Des milliers d’adresses gouvernementales à portée de clic

Le plus souvent, une base de données volée devient « gratuite » quand elle est déjà passée par de nombreuses mains. Les premiers malfaiteurs à mettre la main dessus vont l’exploiter à leur propre compte, ou la revendre à prix fort à un acheteur unique ou à une petite poignée d’intéressés. Ensuite, ce premier cercle d’acheteur va lui-même revendre les données à d’autres personnes, qui les revendront eux aussi, et ainsi de suite… jusqu’à ce qu’un important nombre de personnes y ait eu accès. Au bout de cette chaîne de revente, la base de données sera publiée gratuitement sur des forums. C’est par exemple le cas de certaines des fuites les plus marquantes de ces dernières années comme celle de LinkedIn (2012) ou de Domino’s (2017).

Autrement dit, énormément de malfaiteurs ont déjà enregistré ces adresses gouvernementales, et ont pu déjà les exploiter pour lancer des campagnes de phishings. Pire, si les propriétaires de ces adresses réutilisaient le mot de passe qui a leaké (ou une variante proche) pour leur adresse gouvernementale, un malfaiteur aurait pu s’introduire sur leur boîte email. Une fois cet accès obtenu, il pourrait envoyer des emails piégés à de nombreuses personnes, dans l’administration et en dehors. La légitimité de l’adresse email en « .gouv.fr » augmenterait grandement les chances de convaincre les victimes pour convaincre ses victimes.

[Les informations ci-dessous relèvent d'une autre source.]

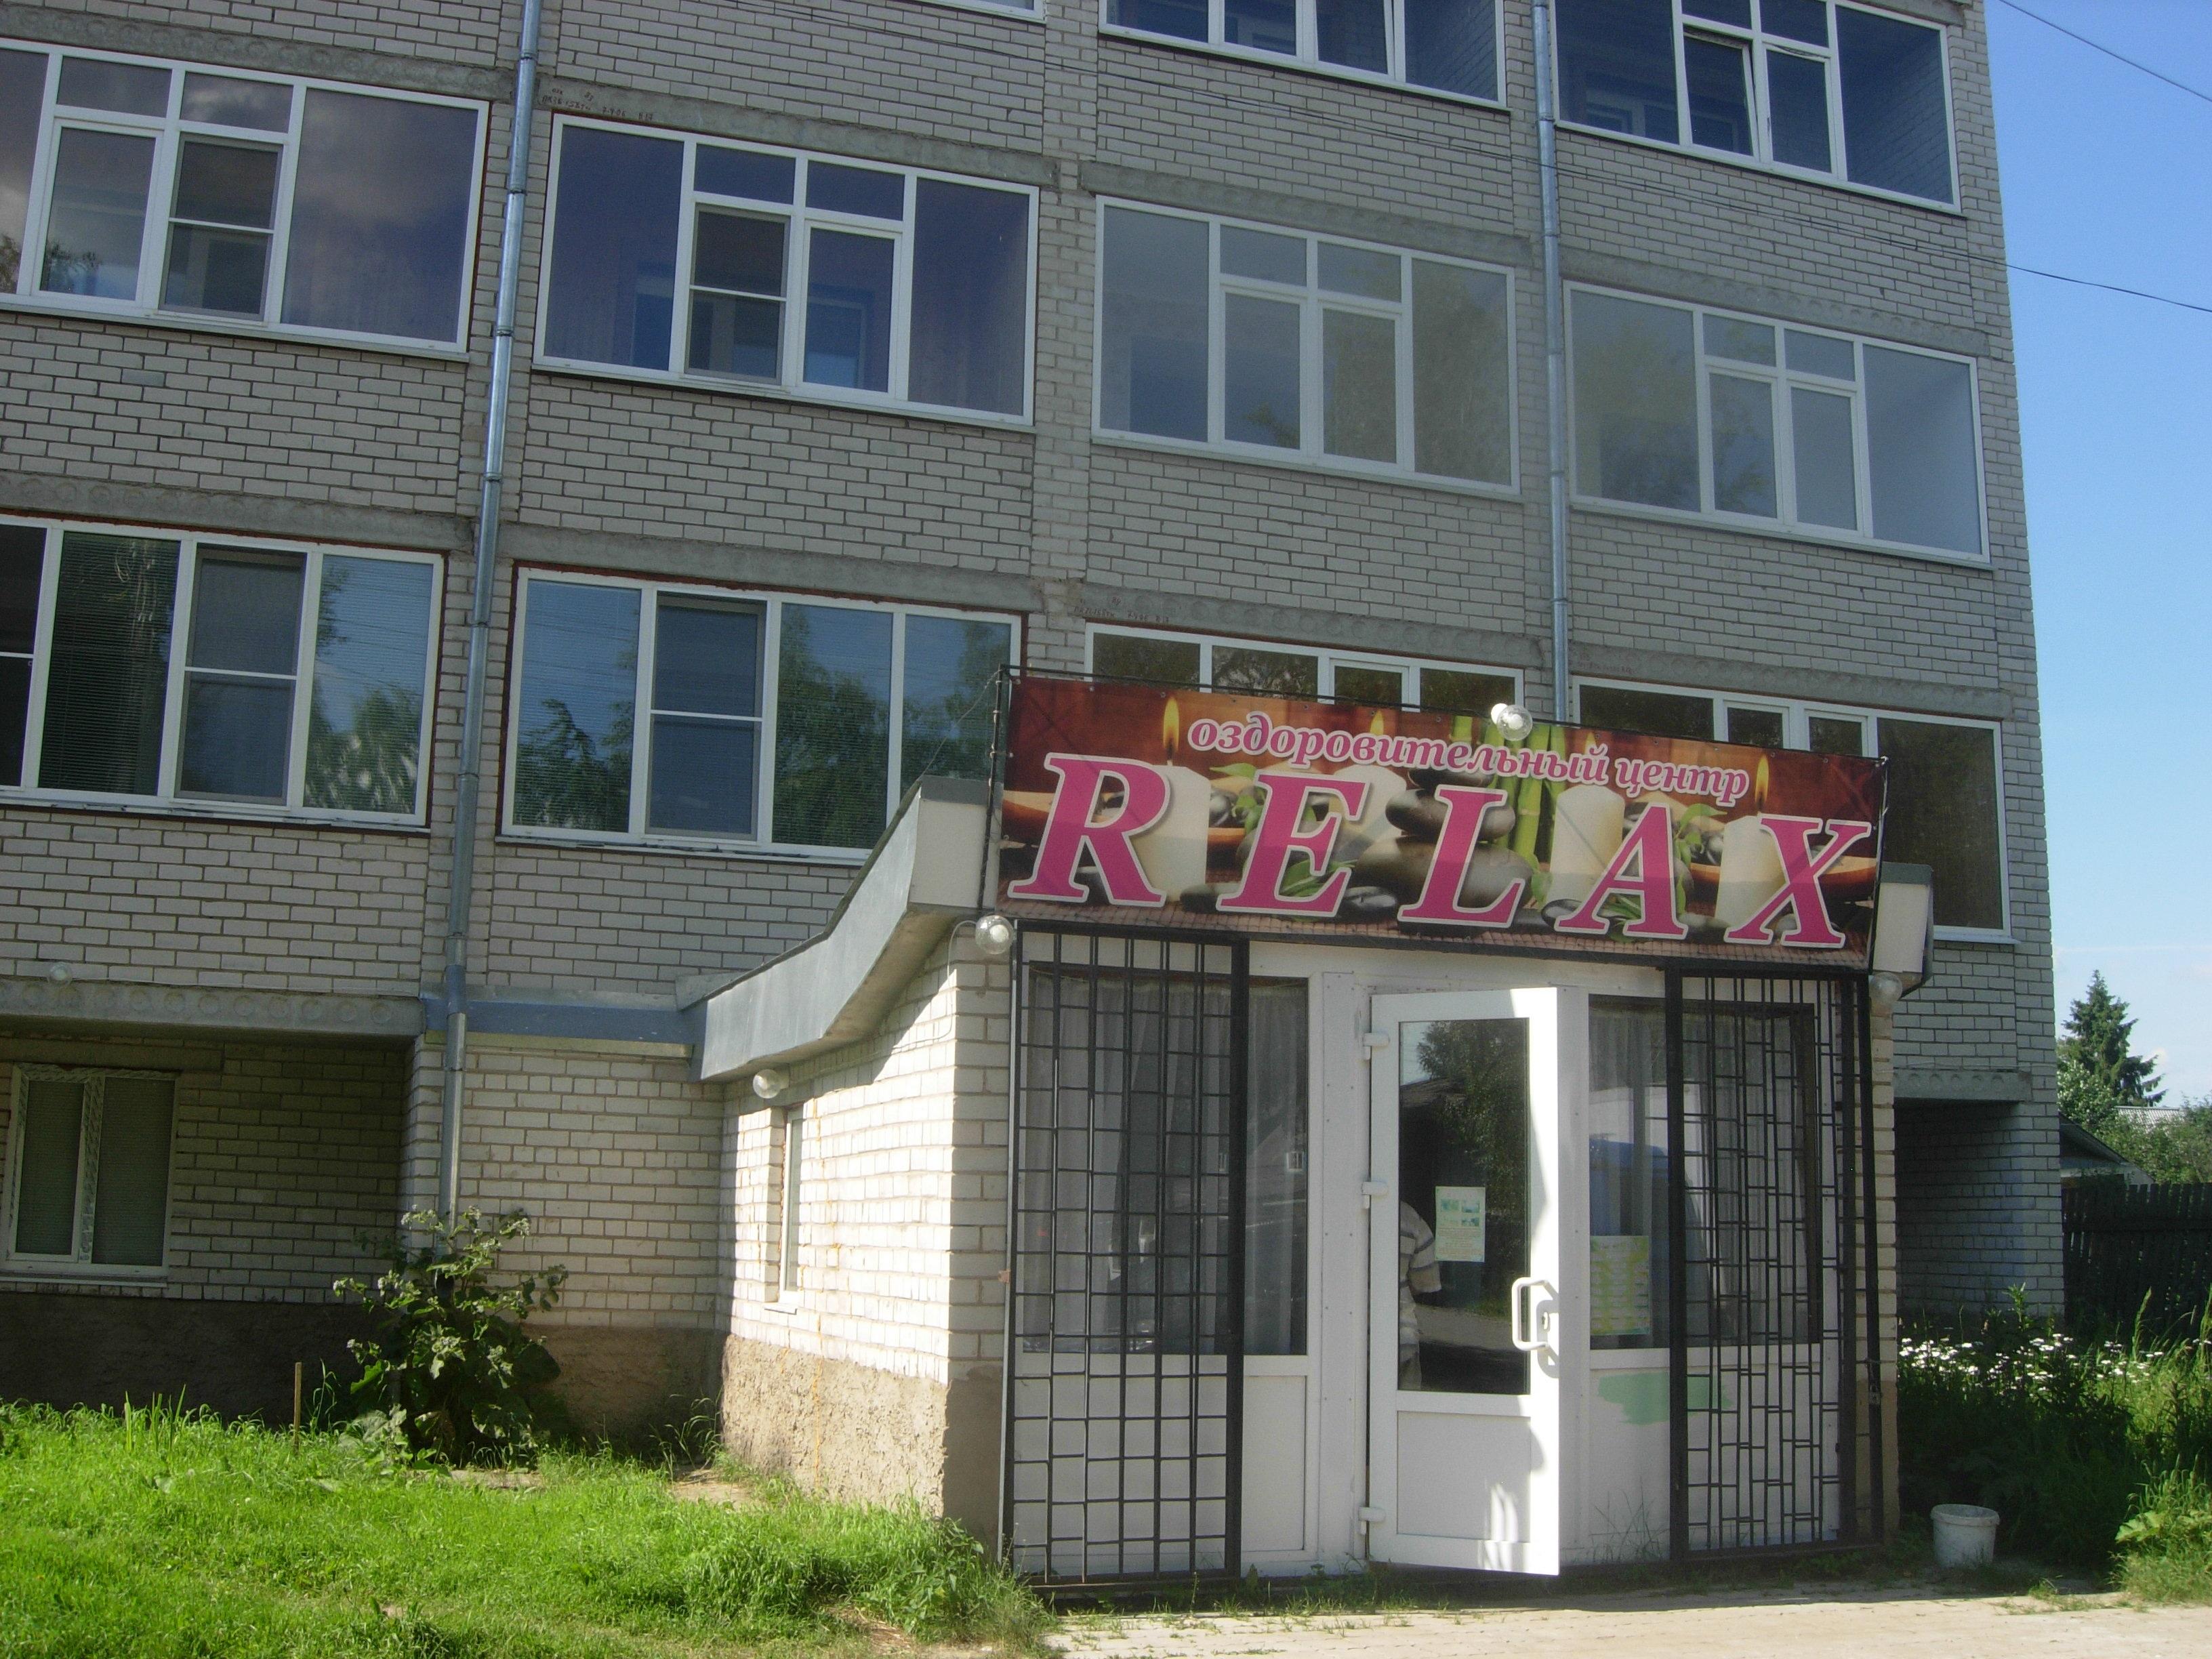 Роспотребнадзор закрыл баню в подвале многоквартирного жилого дома в Великом Устюге

Ne jamais utiliser son adresse professionnelle pour s’inscrire à un service tiers

Même sans mot de passe associé, ces nombreuses fuites de services tiers permettent de construire d’importants fichiers d’adresses gouvernementales qu’il suffit ensuite de bombarder avec les phishings. Si les cybercriminels veulent rendre leur tentative d’hameçonnage plus dangereuse, ils peuvent la nourrir avec les données personnelles qui accompagnent l’adresse email dans la fuite (identité, numéro de téléphone, centre d’intérêt… selon chaque fuite).

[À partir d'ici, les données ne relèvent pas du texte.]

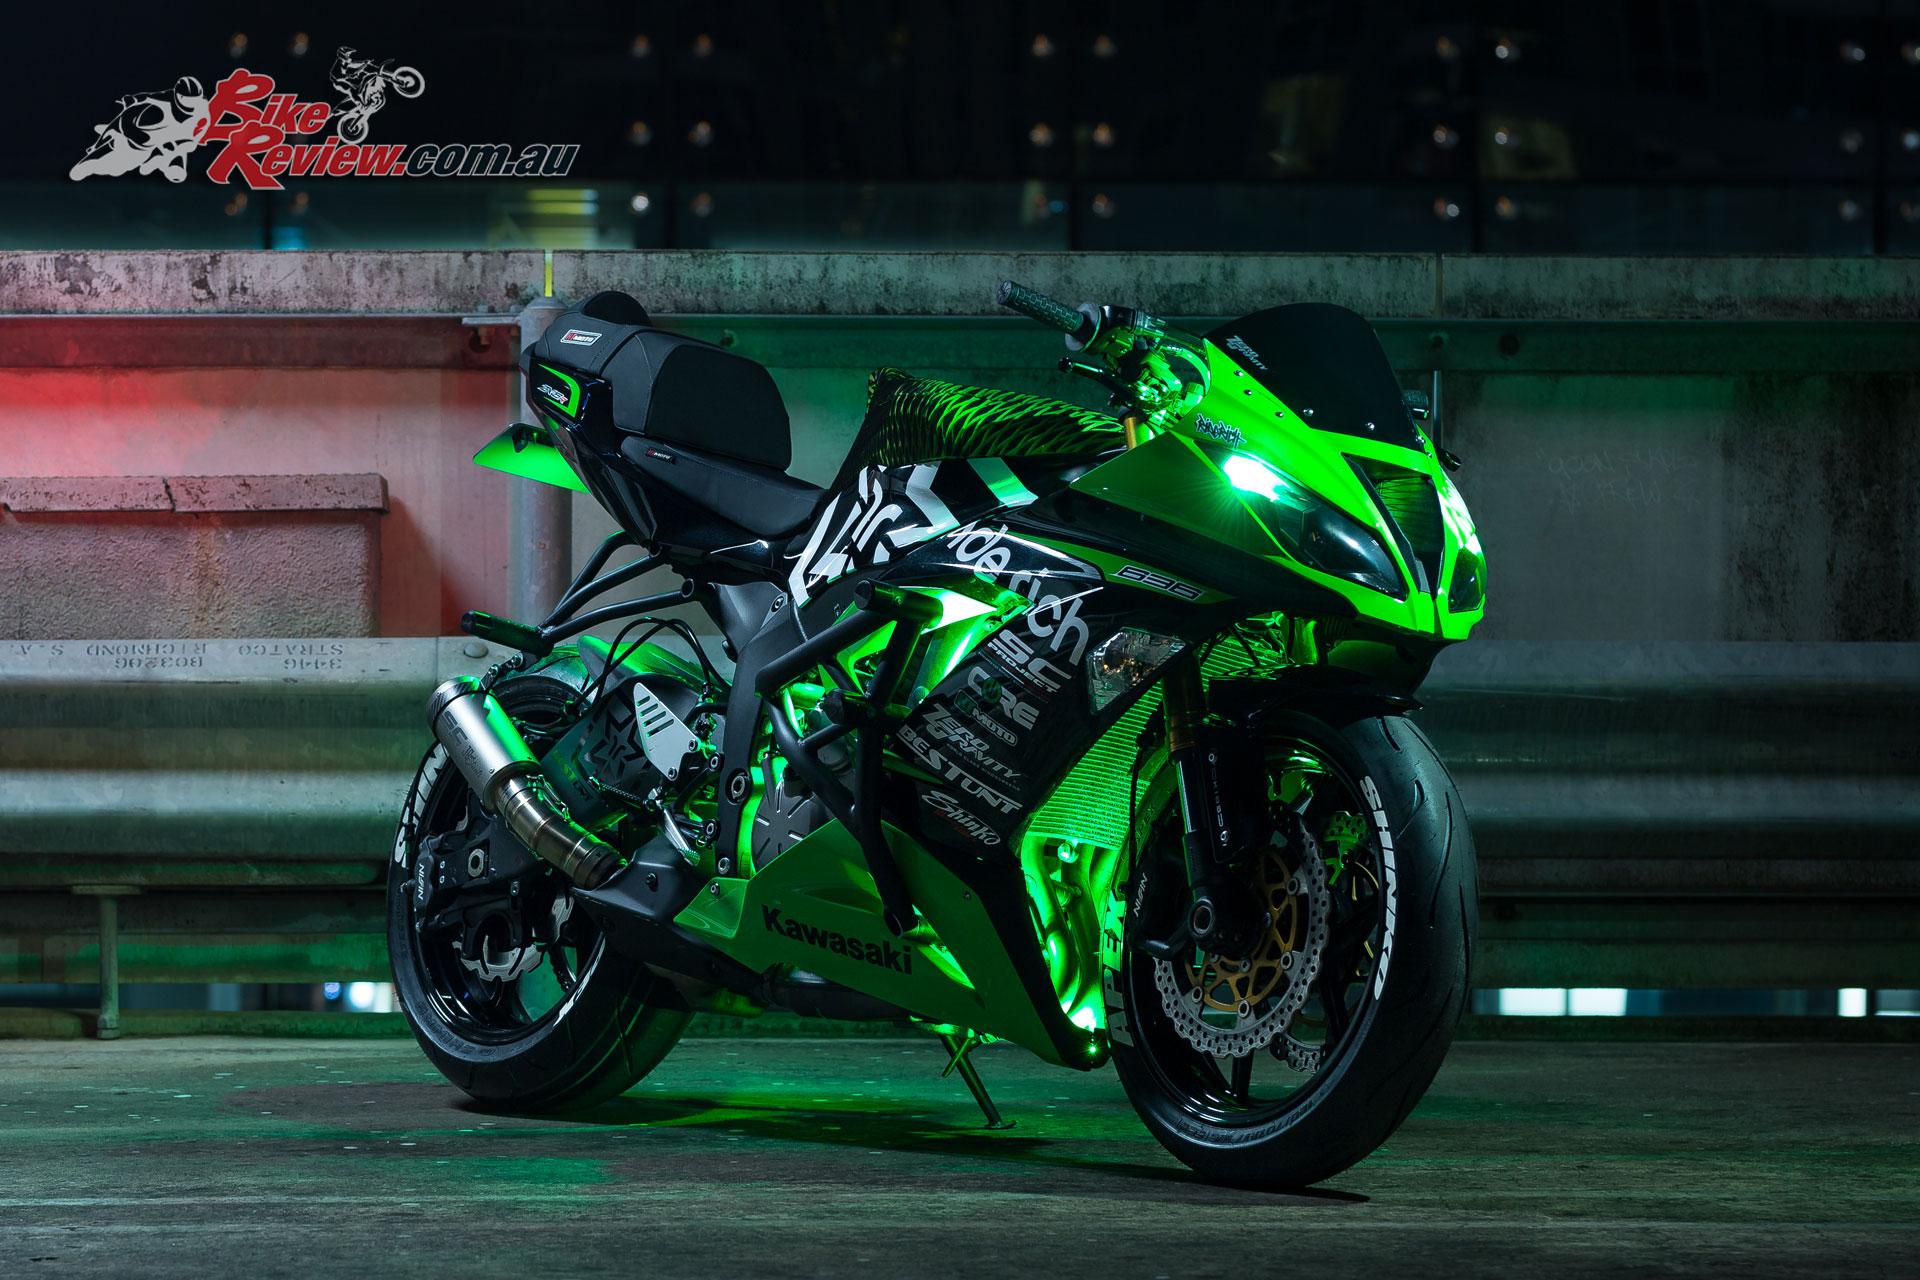 Bike Kawasaki Ninja R

Notre source nous a communiqué simplement un échantillon d’adresses accompagnées par des mots de passe, l’association de données la plus dangereuse. Nous pouvons supposer qu’il en existe des dizaines de milliers d’autres, associées à d’autres types d’informations.

Cette situation est causée par une mauvaise pratique : l’utilisation de son adresse professionnelle pour s’inscrire à des services divers et variés. Quelle que soit l’organisation, une adresse professionnelle a plus de chance de contenir des informations qui vont attirer la convoitise des malfaiteurs. Et puisque les adresses gouvernementales sont facilement identifiables, elles sont particulièrement exposées. Nul doute que les webmails associés à ces adresses sont protégés de nombreuses manières, mais un hacker pourrait toujours espérer l’erreur humaine d’un fonctionnaire.

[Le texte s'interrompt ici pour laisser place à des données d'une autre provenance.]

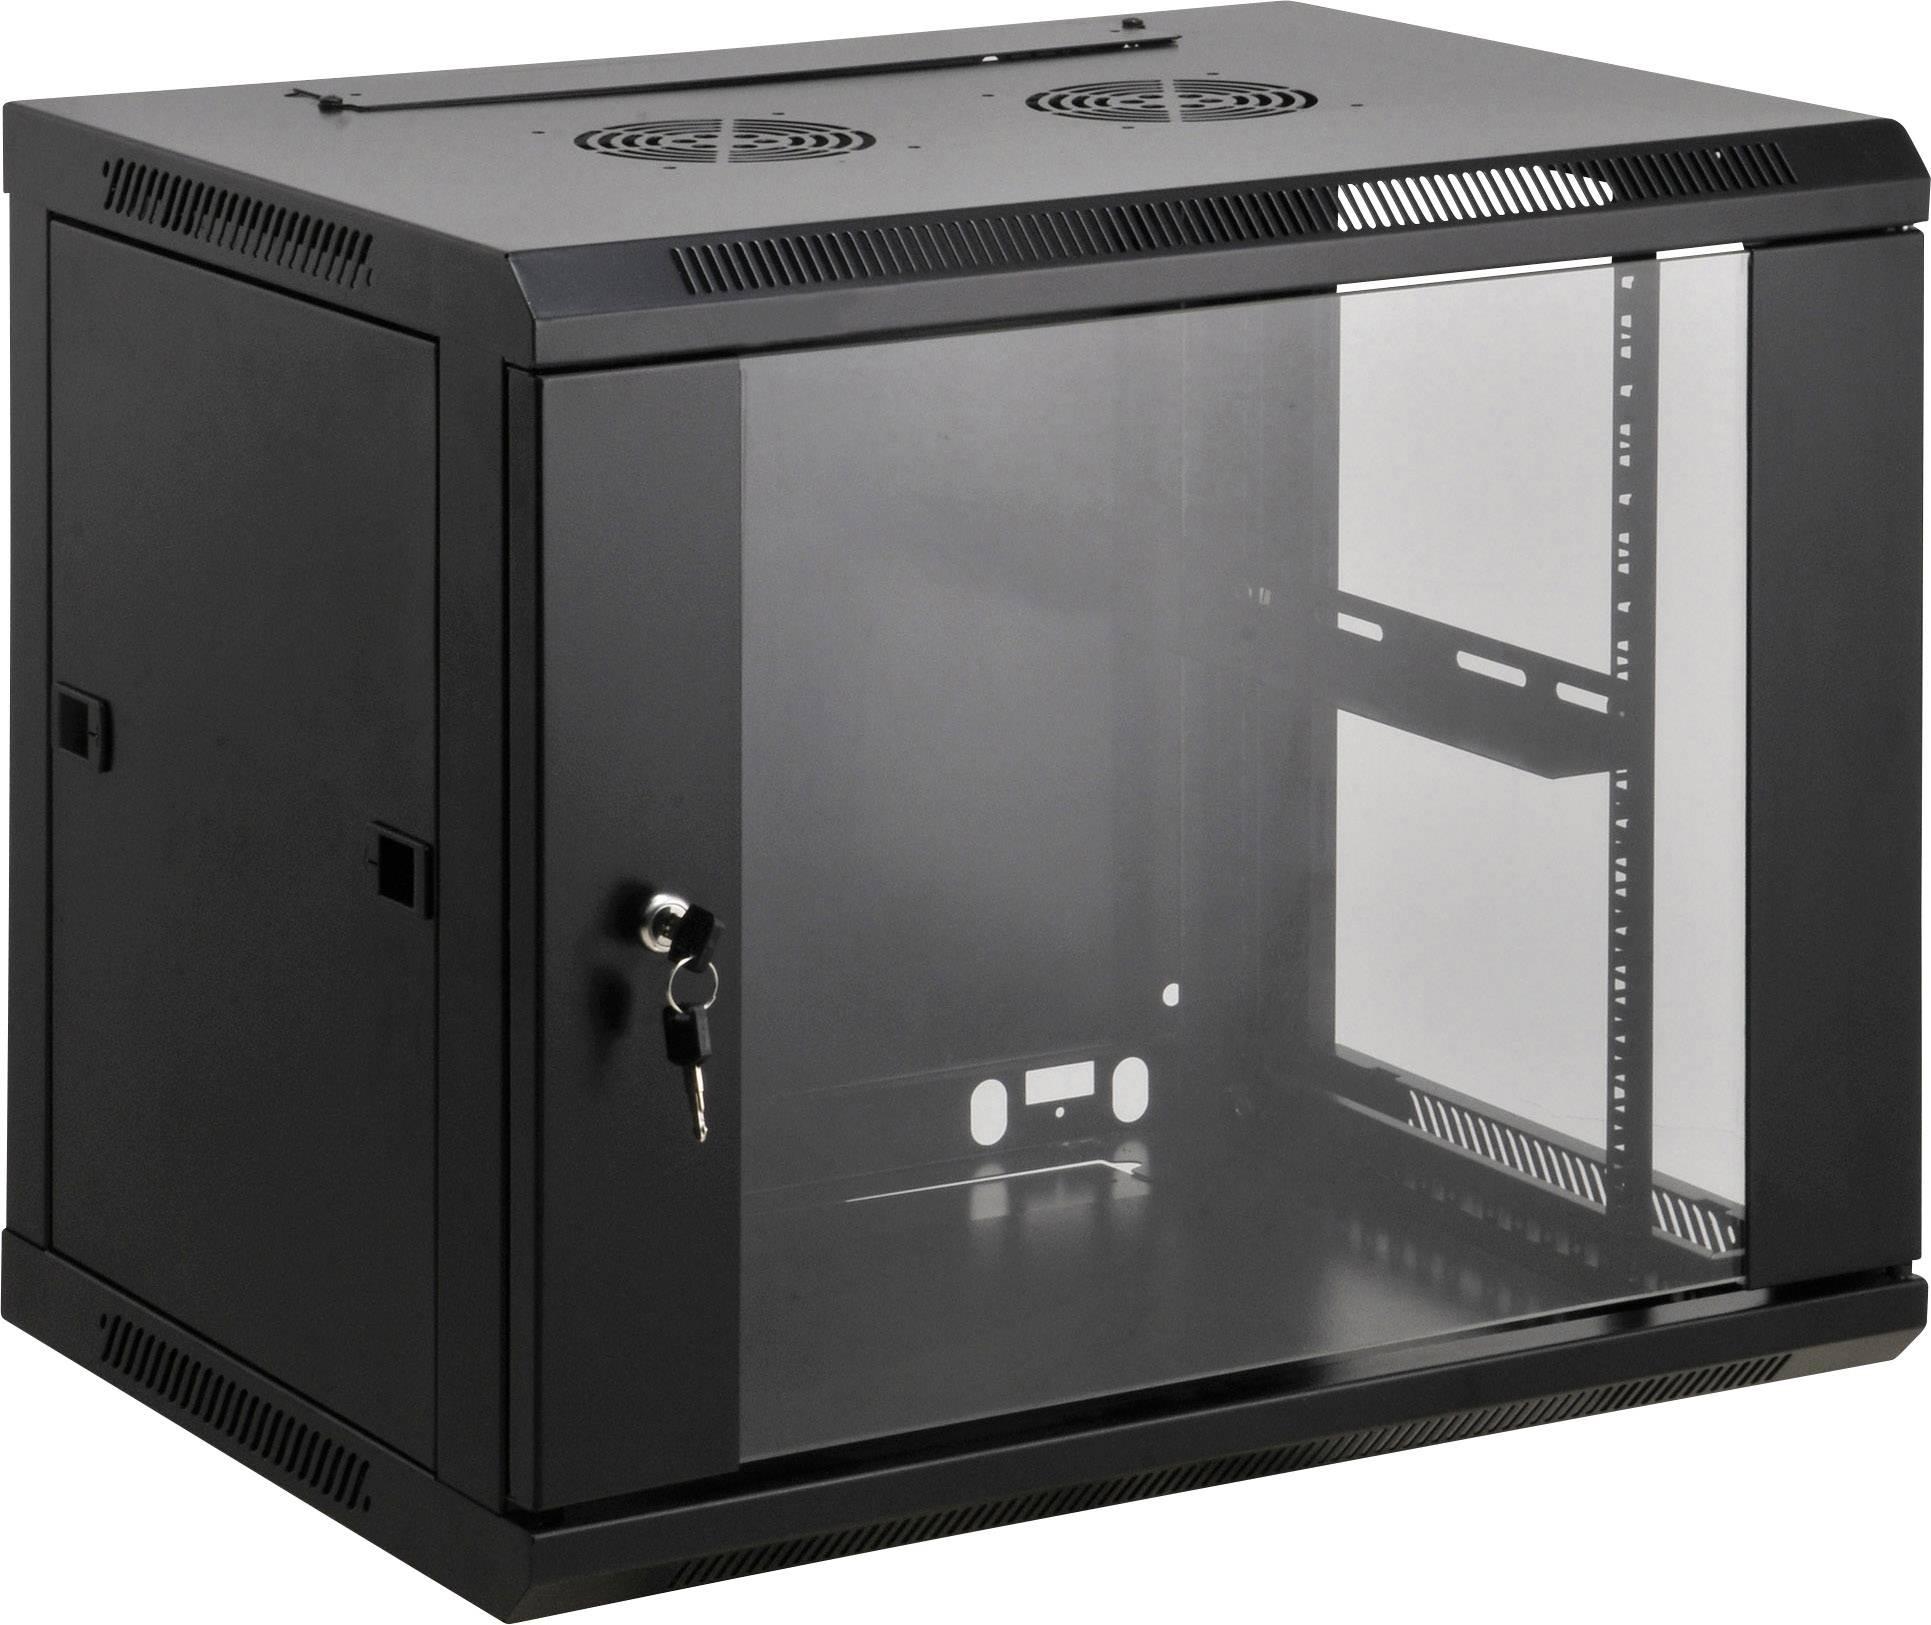 intellinet 712071 armoire baie de brassage 19 l x h x p 600 x 500 x 600 mm 9 uh noir ral 9005

Comment les fonctionnaires de l’Intérieur ont-ils été visés ?

Justement, le 5 septembre, le JDD expliquait que plusieurs magistrats du tribunal de Paris s’étaient fait piéger par de « faux courriels », c’est-à-dire du phishing, avec pour conséquence le report d’affaires sensibles. Même le procureur de la République Rémy Heitz faisait partie des cibles, mais il n’a pas mordu à l’hameçon présenté par les cybercriminels. Le lendemain de l’article du JDD, le ministère de l’Intérieur a expliqué à son tour qu’il subissait une vague de phishing, et qu’il avait décidé de filtrer les documents Microsoft Word (les « .doc »), un des formats utilisés pour embarquer certains malwares, dont le fameux Emotet. Rien n’indique que les hackers ont utilisé la méthode que nous décrivons plus haut, mais ils auraient pu.

Dans notre base de données se trouvent plus de 2 000 adresses liées au ministère de l’Intérieur (.interieur.gouv.fr) et plus de 300 liées à celui de la Justice (.justice.gouv.fr). On y trouve aussi des adresses du ministère des Affaires étrangères (diplomatie.gouv.fr) et de l’Éducation nationale (education.gouv.fr) parmi des dizaines de sous-domaines différents. Il existe en tout plus de 1 000 sous-domaines de « .gouv.fr ».

Pour lutter contre l’exploitation de ces données, les administrateurs des boîtes email peuvent mettre en place des filtres particulièrement stricts, mais ils risquent de ralentir certaines utilisations du service d’email. Sauf que lorsque Emotet menace leur réseau, cette solution est préférable.